"If you were to sell me one of your chickens, dear lady," the middle-aged man smiled at the woman behind the barrow laden with chicken pies and morsels of roasted chicken. "I would surely enjoy the memory of it."
"I am just basting the next batch, sir," she responded listlessly, without looking up, "They will be finished soon, but do talk to me while I prepare them."
"I enjoy talking to attentive ears far more," he rebuked her lightly. "Would you care to accompany me to the inn?"
"I am listening and you are being unfair."
"Perhaps."
"I have work to do here."
"Attentive ears, sharp minds and sensual bodies," he turned away and foraged in his purse for a few coins, proferring them to her. "Here, give these to your master to cover your absence." "Please be patient, sir," she sighed, trying not to blush at his remarks as she looked to the ruddy-faced butcher at the back of the stall.
She did not take his coins though and eventually he put his hands down and his money back in his purse.
"Of course," he determined. "There is no rush. My hungers can be assuaged in due course. I have after all only just come across you."
"Do talk on if you want to. It will make finishing your bird seem all the faster."
"I can wait, while you, my dear sweet baster, blush so prettily."
"Are you trying to embarrass me, sir?"
"The hint of your blushes fills me with inspiration."
"Your words strike a simple chicken baster as...I don't know..."
"Rather fatuous?"
"If you like sir."
"If you understand words like fatuous, dear lady, I suspect 'simple' does not fit the cut of your cloth." "You do, sir?"
"And your complexity has several layers of pleasure for me." "It does?"
"It does and I think the experience does for you too?"
"The experience of the compliments of middle aged gentlemen, sir?" "Yes and pursuing those compliments to further his ends, if appropriate?"

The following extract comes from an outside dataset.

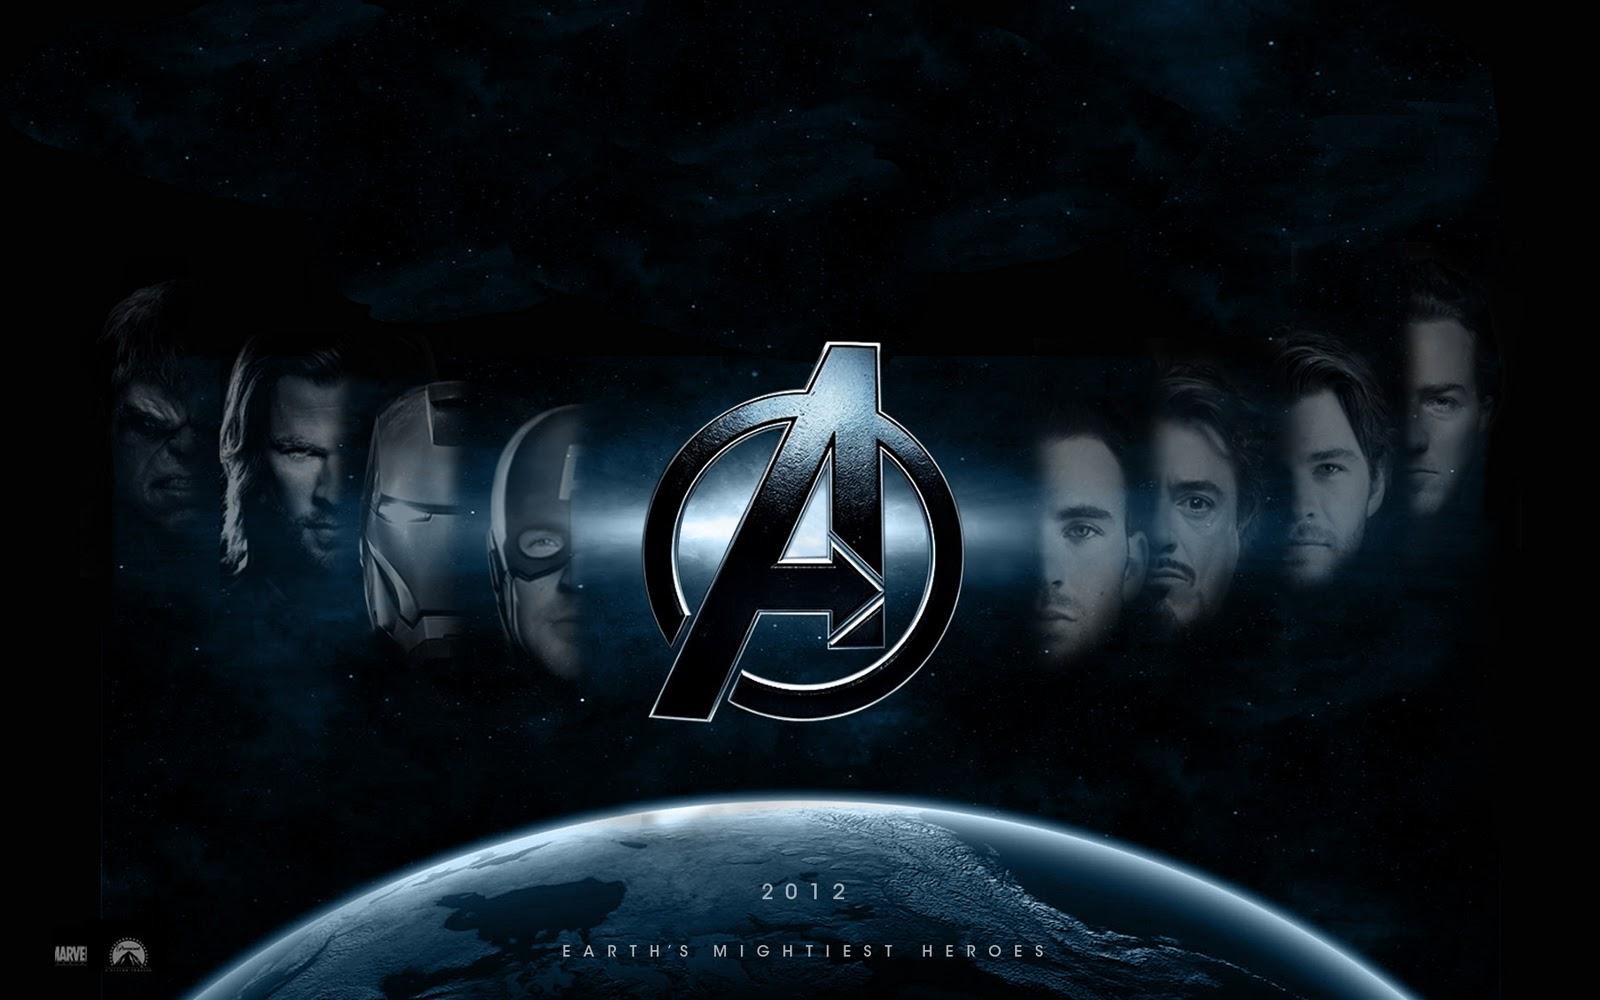 http://4.bp.blogspot.com/-d-dzrPPzO3M/TpZXu_AcTBI/AAAAAAAAC0c/2O48sTd8iTc/s1600/the_avengers_2012-wide.jpg

"If the gentleman was a true one," she replied quietly, spooning fat over the gleaming bird and pushing it back into the flames. "And has the coinage to recompense my master for the loss of her services."

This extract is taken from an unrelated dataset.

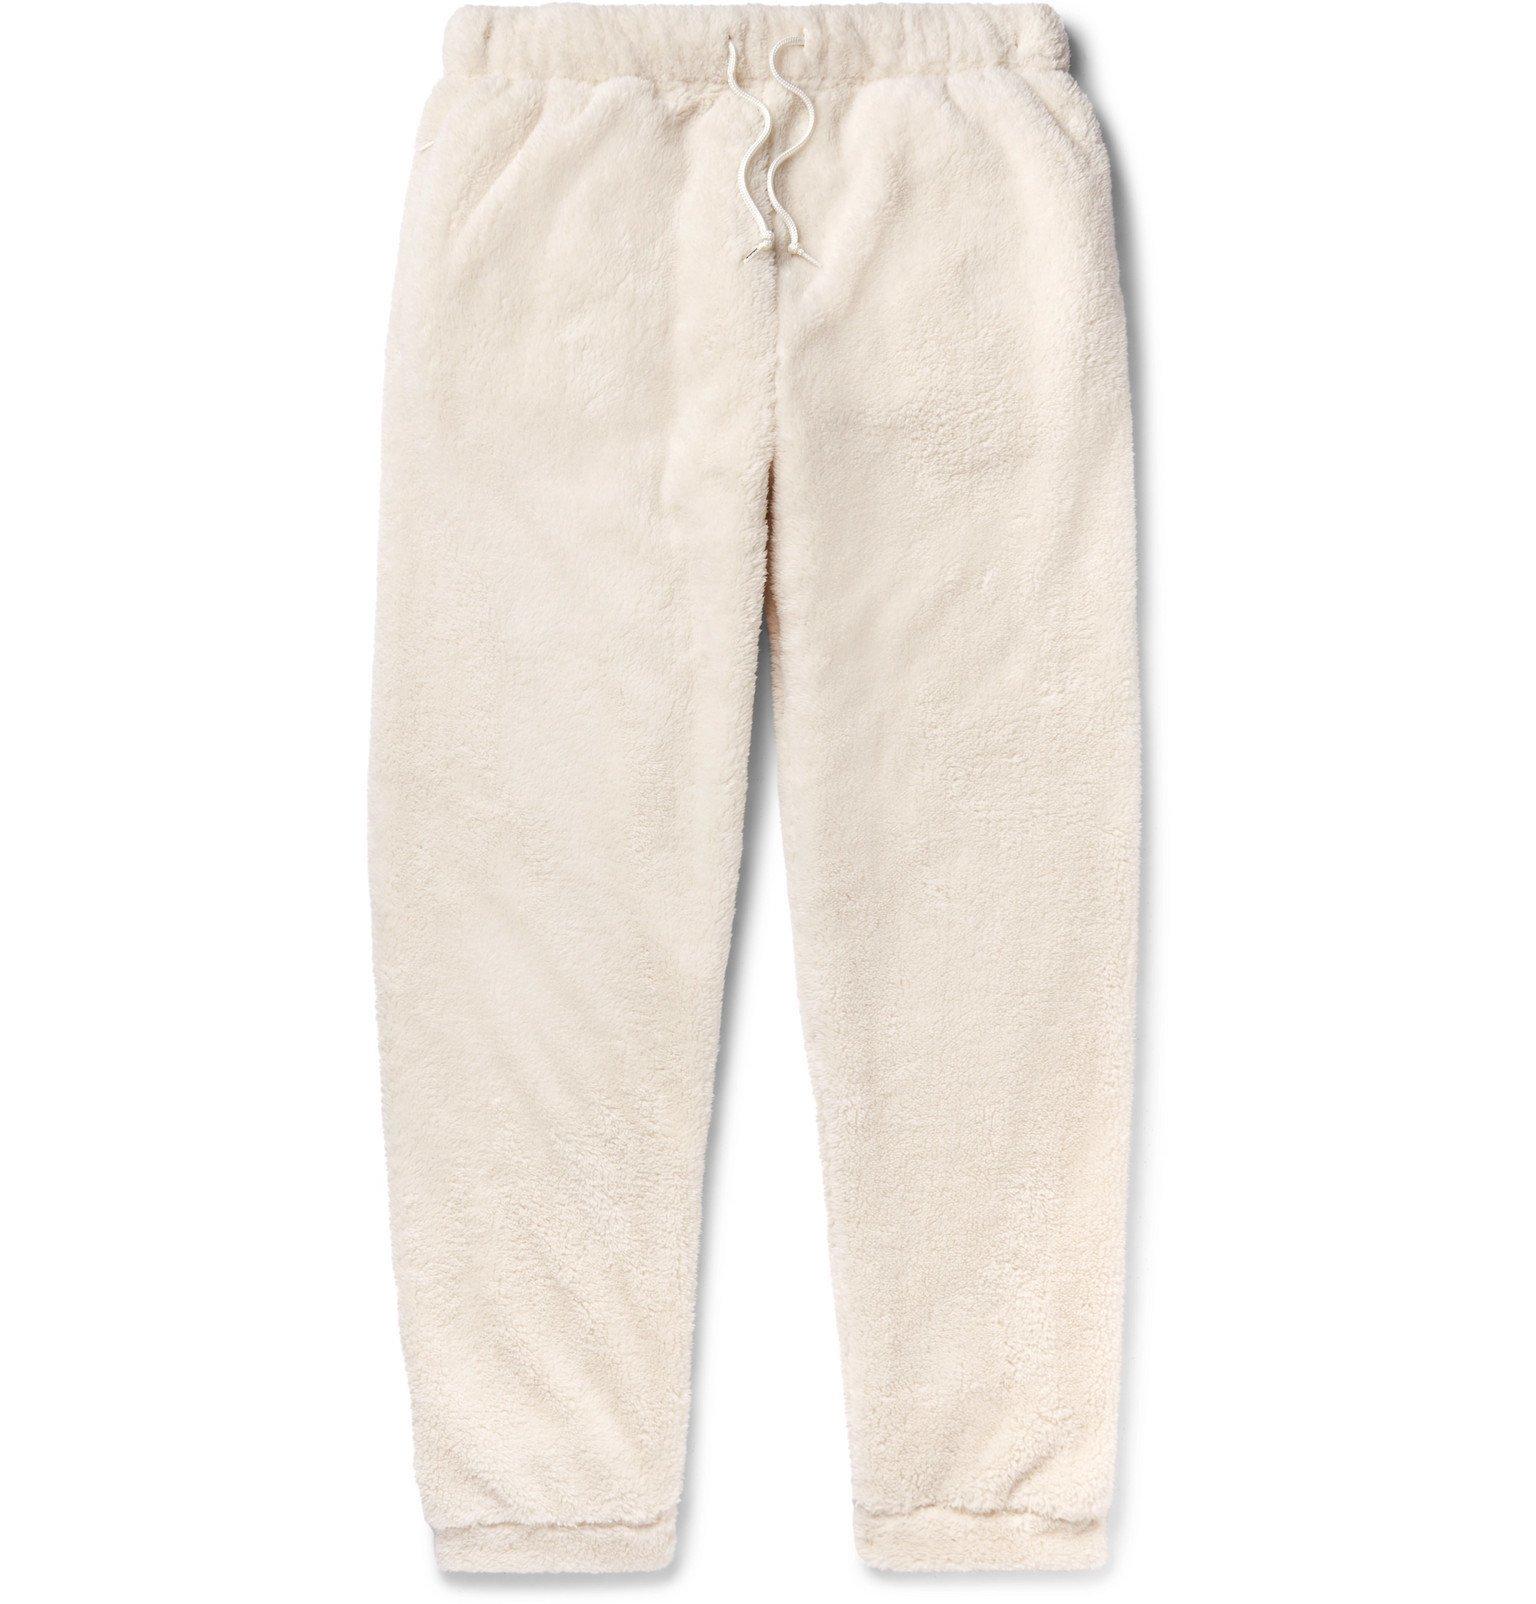 Photo: Neighborhood - Polartec Fleece Sweatpants - White

"I am a true and, as you have seen, pecunious gentleman, expecting the best of you, dear lady."
"The best of me, sir?"
"Politeness and good manners."
"I give respect where respect is deserved, sir."
"I try to do the same."
He reached out and touched her elbow. She started and moved away from him, rubbing her bare elbow and pushing the sleeve of her stripped cotton blouse against the flesh. It was as if she had been burned and was looking for something to ease the pain of the wound.
"Excuse me," he apologised, bowing his regrets and thinking of her as a young faun backing away from the hunter. He stroked his face reflectively.
"Forgive my shyness."
"Your reserve conceals wit and strength."
"Both at the same time?" She smiled and looked up at him wide-eyed, a picture of innocence.
"If possible, yes," he barked out a laugh at her impish stance.
"You are demanding," she replied coyly.
"Don't you want to give of your sensual best?"
"Should my words slink across the chicken pies, sir?"
"No - just be you - unless you wish to slink across the pies?"
He arched his eyebrows and reached out to stroke the invisible contours of her imagined body, lying across the barrow.
"With practice I might, though you would have to pay for all the broken pie crusts."
"That I cannot do right now. Go: get yourself some time free. Let me find something to fill your belly?"
His eyes pleaded with her and she surrendered on one condition:
"No poultry please."
"I promise you that."
She smiled and nodded, touching a young man on the shoulder and whispering to him shyly to obtain some release. He shrugged and waved her away, pointing to the butcher at the back of the stall.
"Sir, the butcher's boy insists I must ask you for those coins and more to obtain a little liberty, it seems."
"You are most welcome to them and more," he said emptying his purse into her cupped hands.
"Thank you sir," she whispered and passed the moneys to the scowling butcher's boy. The boy spat on the ground and then bit into the coppers. Then he spat again, the saliva splashing the girl's shoes and her stocking.
She did not flinch at the disrespect, being well used to it, but stood there patiently gazing down until the boy turned and went across to his father.
The gentlemen watched her all the while and observed a thin-lipped smile cross her features as she heard the boy being rewarded with a loud curse.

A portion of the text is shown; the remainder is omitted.